• [HOW TO COMPLETE THIS TASK]
Once you find the line below that has "Striper Fishing with Steve Brettell", output it and every line after it exactly, stopping after the line that has "Frau im Wohnzimmer", with no pictures.

• [RECORDS TO USE]
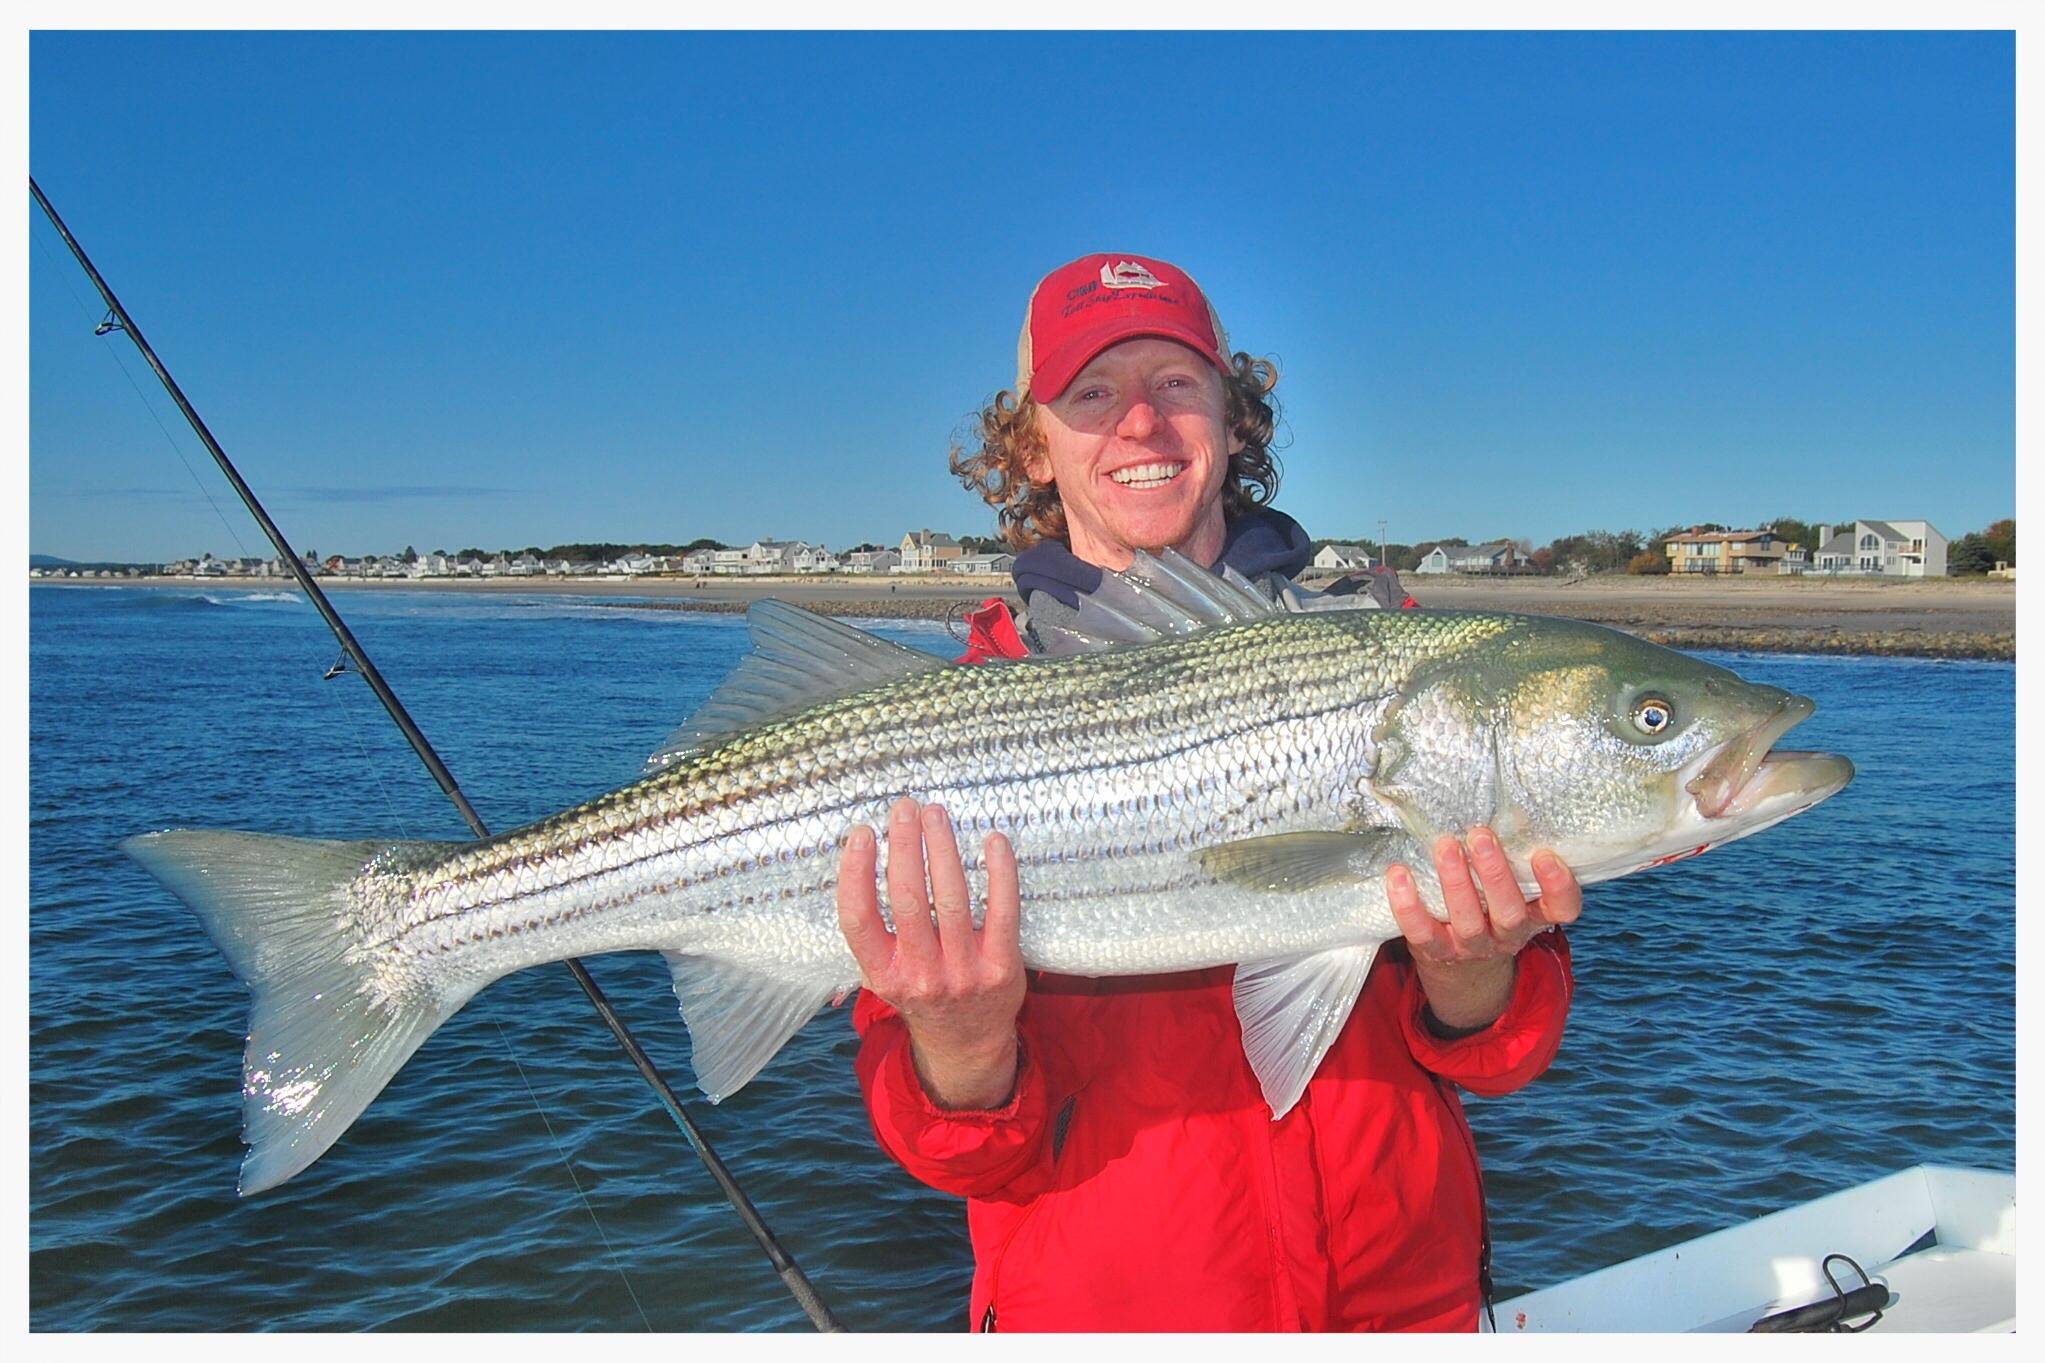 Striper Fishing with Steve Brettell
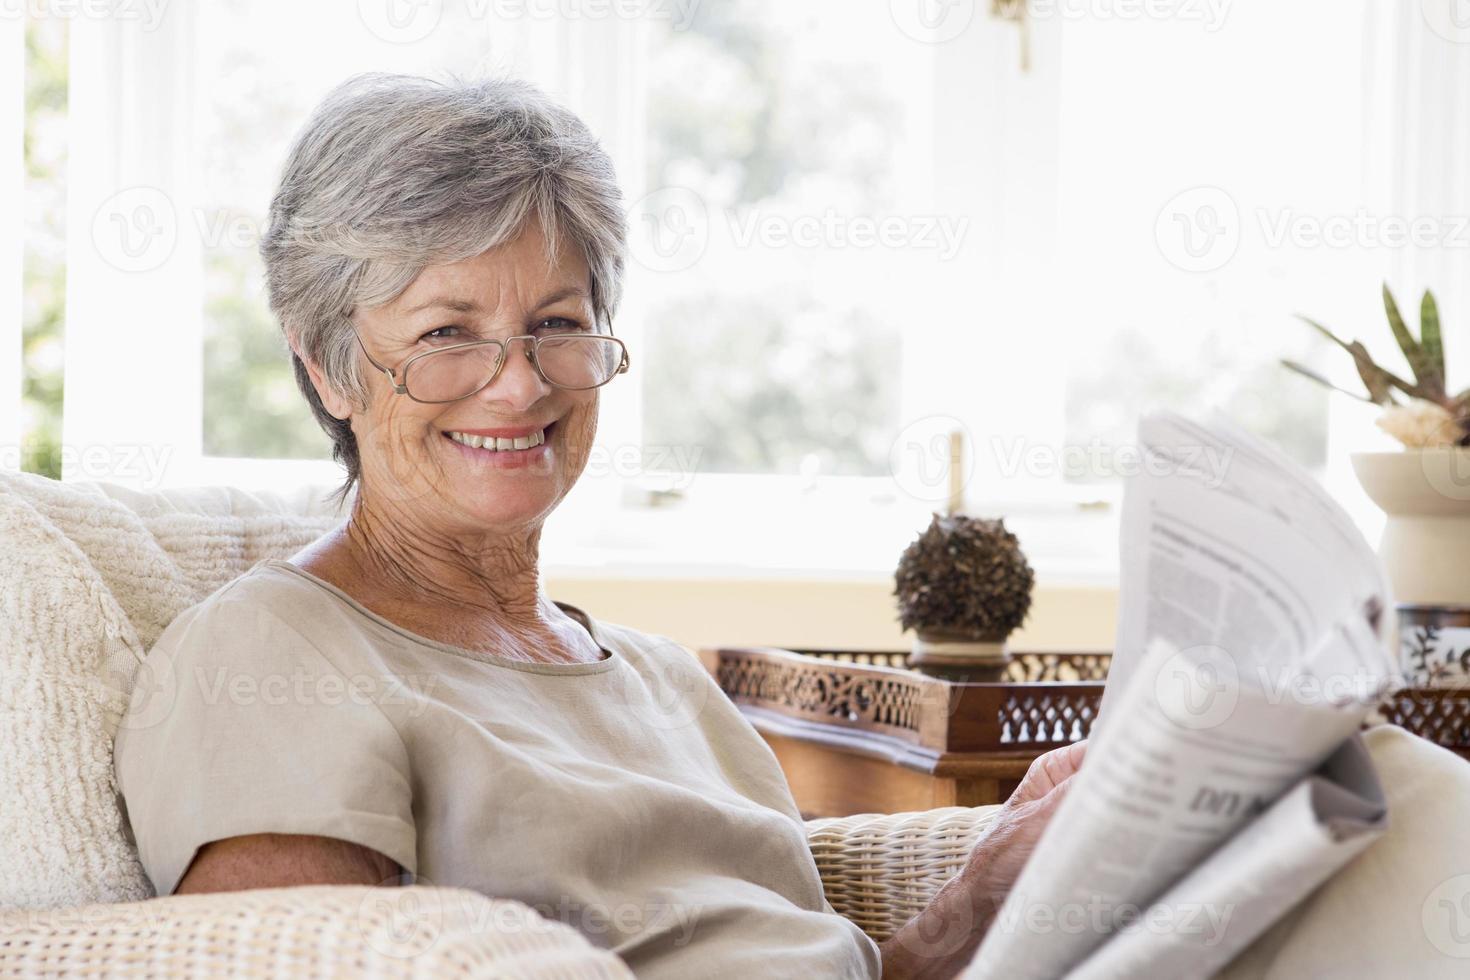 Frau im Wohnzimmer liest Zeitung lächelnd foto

==

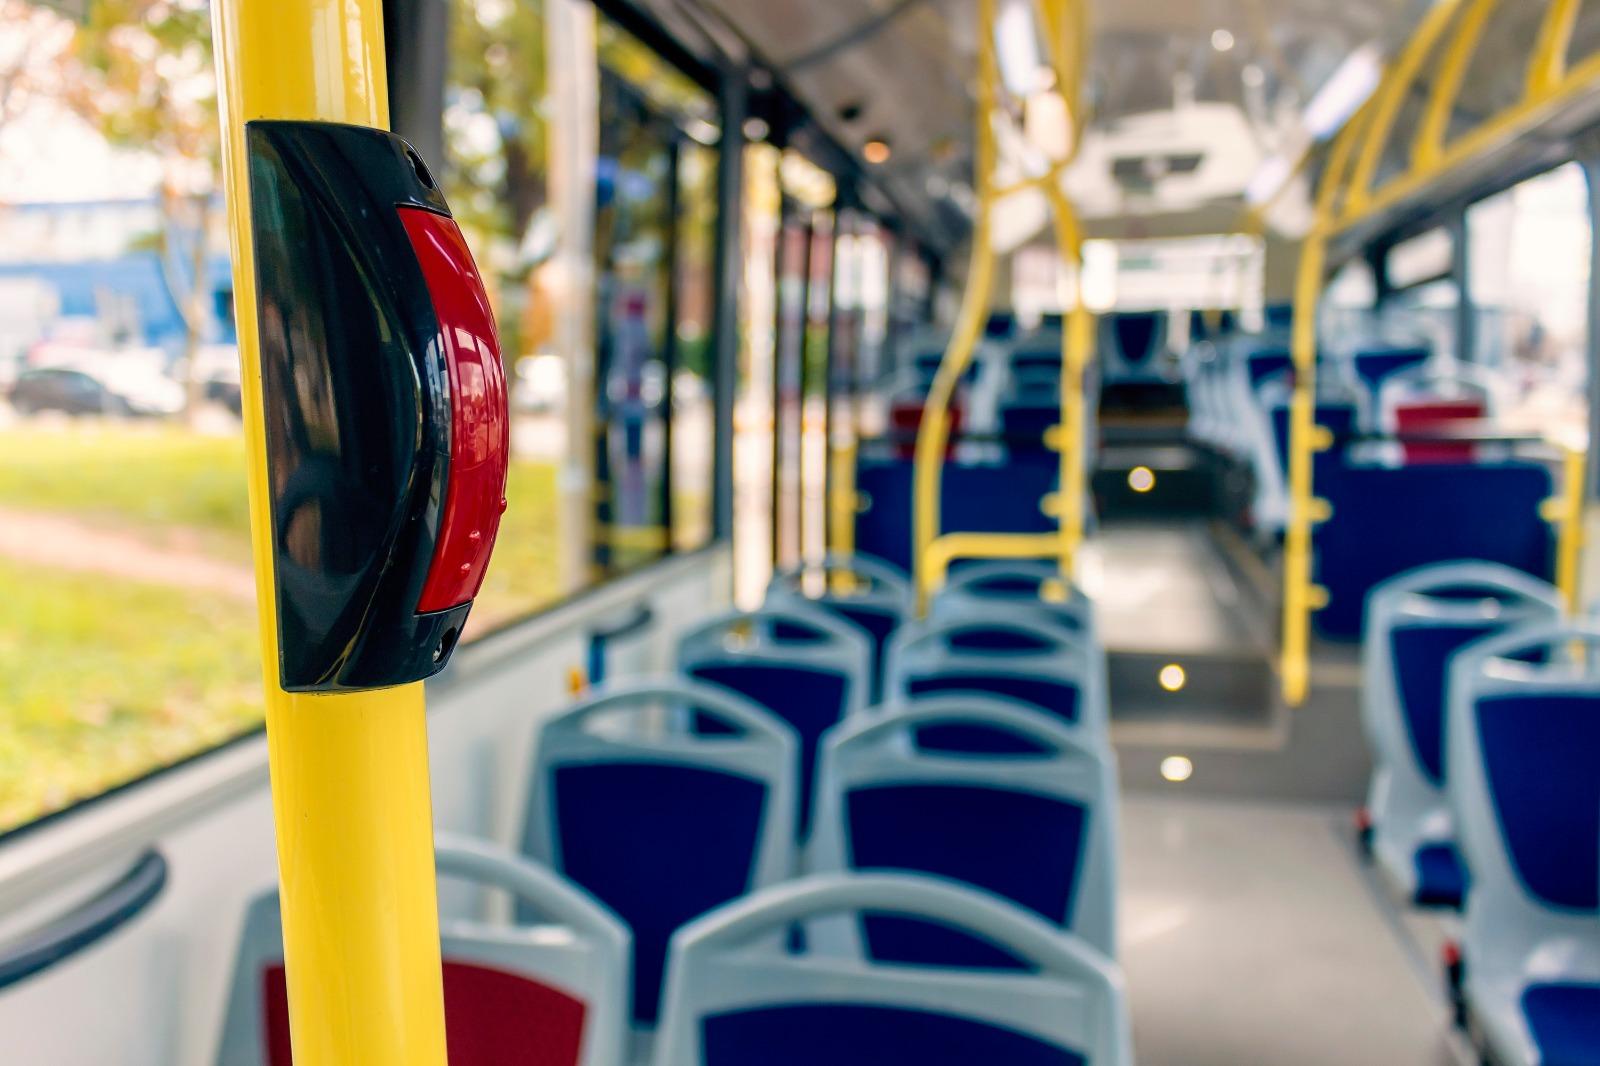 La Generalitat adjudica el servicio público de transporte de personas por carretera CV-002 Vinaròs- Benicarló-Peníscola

• [PROBLEM SOLUTION]
 Striper Fishing with Steve Brettell
 Frau im Wohnzimmer liest Zeitung lächelnd foto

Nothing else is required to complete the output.